Lest question is from previous Hackaday Prize judge @Elecia White : What books or resources do you recommend for people wanting to do more robotics, to learn about the algorithms like localization, noisy sensors, control, kinematics, and so on. Do you have any that take more of an applied perspective instead of a graduate-level, derive-everything book? (I'm currently reading Probabilistic Robotics and it is ok but getting from "derive Kalman Filter" to "use it in my robot" is a big chasm.)

Jesse

12:57 PM

Take a Udacity nano degree. Worth every penny

ðeshipu

12:58 PM

Personally I can really recommend this course: https://www.edx.org/course/underactuated-robotics-mitx-6-832x-0

ðeshipu

12:58 PM

it's math-heavy, but clears a lot of ideas

Mike Anderson

12:58 PM

I'd look at all of the materials that are available dealing with the FIRST Robotics Competition.  Lot's of good, easy to digest info on sites like http://chiefdelphi.com.

Mike Anderson

12:59 PM

Kalman filters, PID loops, etc. with spreadsheets and small software tools to help understand what's going on.

TegwynTwmffat☠

1:00 PM

@Mike Anderson  ... thanks!

Elecia White

1:00 PM

@Jesse, thanks, I've done most of the Udacity classes relating to robotics, I agree they are useful. @Mike Anderson: ooh!
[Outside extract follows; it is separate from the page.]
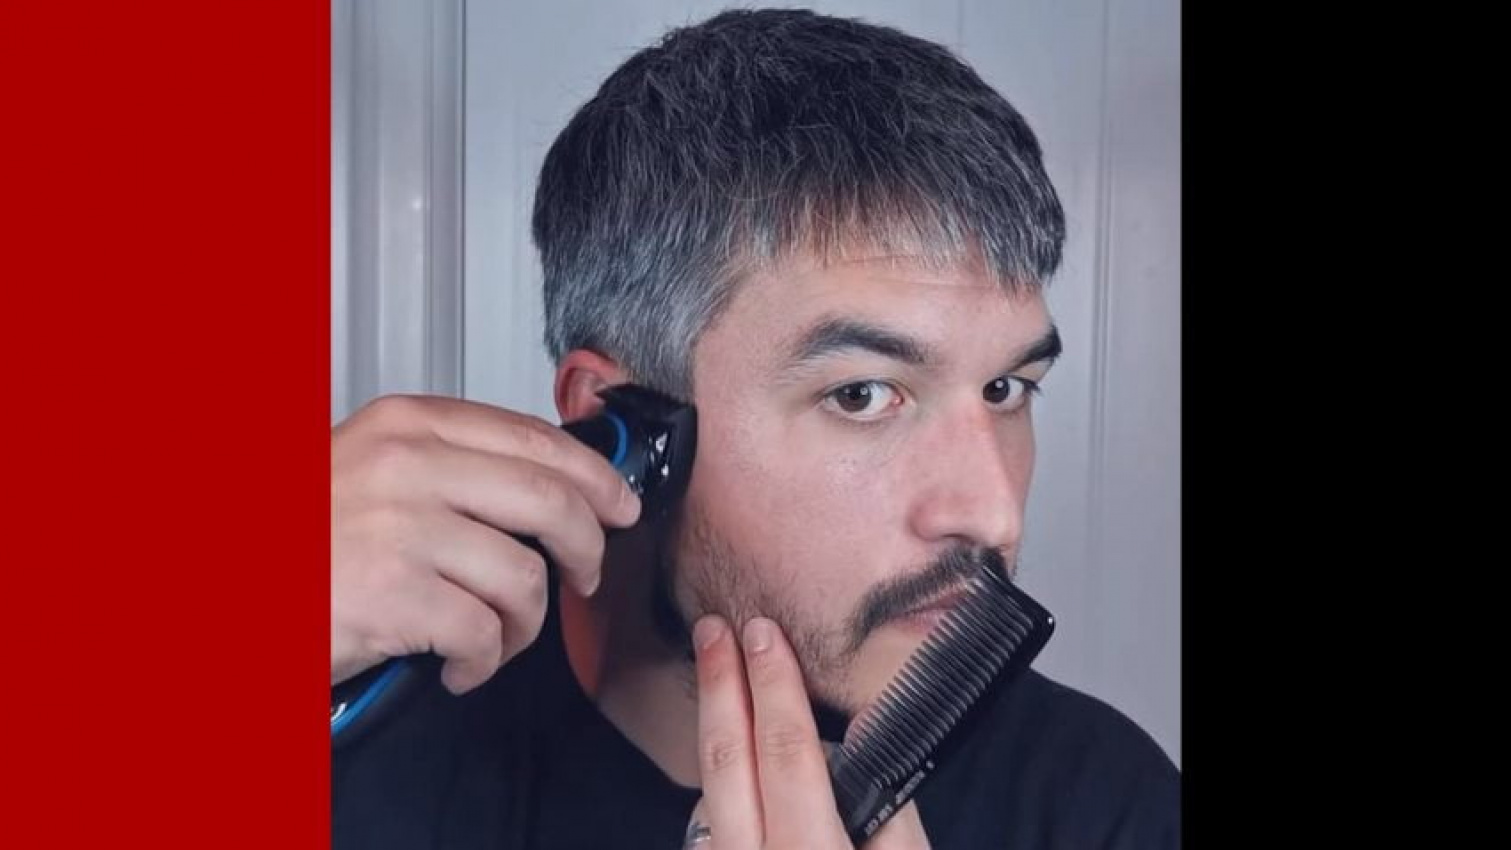 Hướng dẫn cắt tỉa tóc nam /Hớt tóc nam tại nhà mùa dịch - YouTube

Neat! And @ðeshipu: oooh! Also neat!

Mike Anderson

1:01 PM

I've got a lot of basic stuff presentations I did for Embedded Linux Conference, etc. out on YouTube.  They hit the highlights of how to build robots.

Machinehum (Ryan Walker)

1:01 PM

@Elecia White: I can't actually think of anything off the top of my head specifically about robotics, the Art of Electronics and the open All About Circuits text are awesome Electronics refs. Most of my learnings have been from dissecting ROS packages lol.

Elecia White

1:01 PM

I *really* like books. :) But I'll go take a look.

Stephen Tranovich

1:02 PM

And with that we're past 1PM and the Hack Chat is officially over. Let's give our thanks to @MachineHum for getting into some of the nitty gritty of actuation with us from the get-go. Thanks, Walker!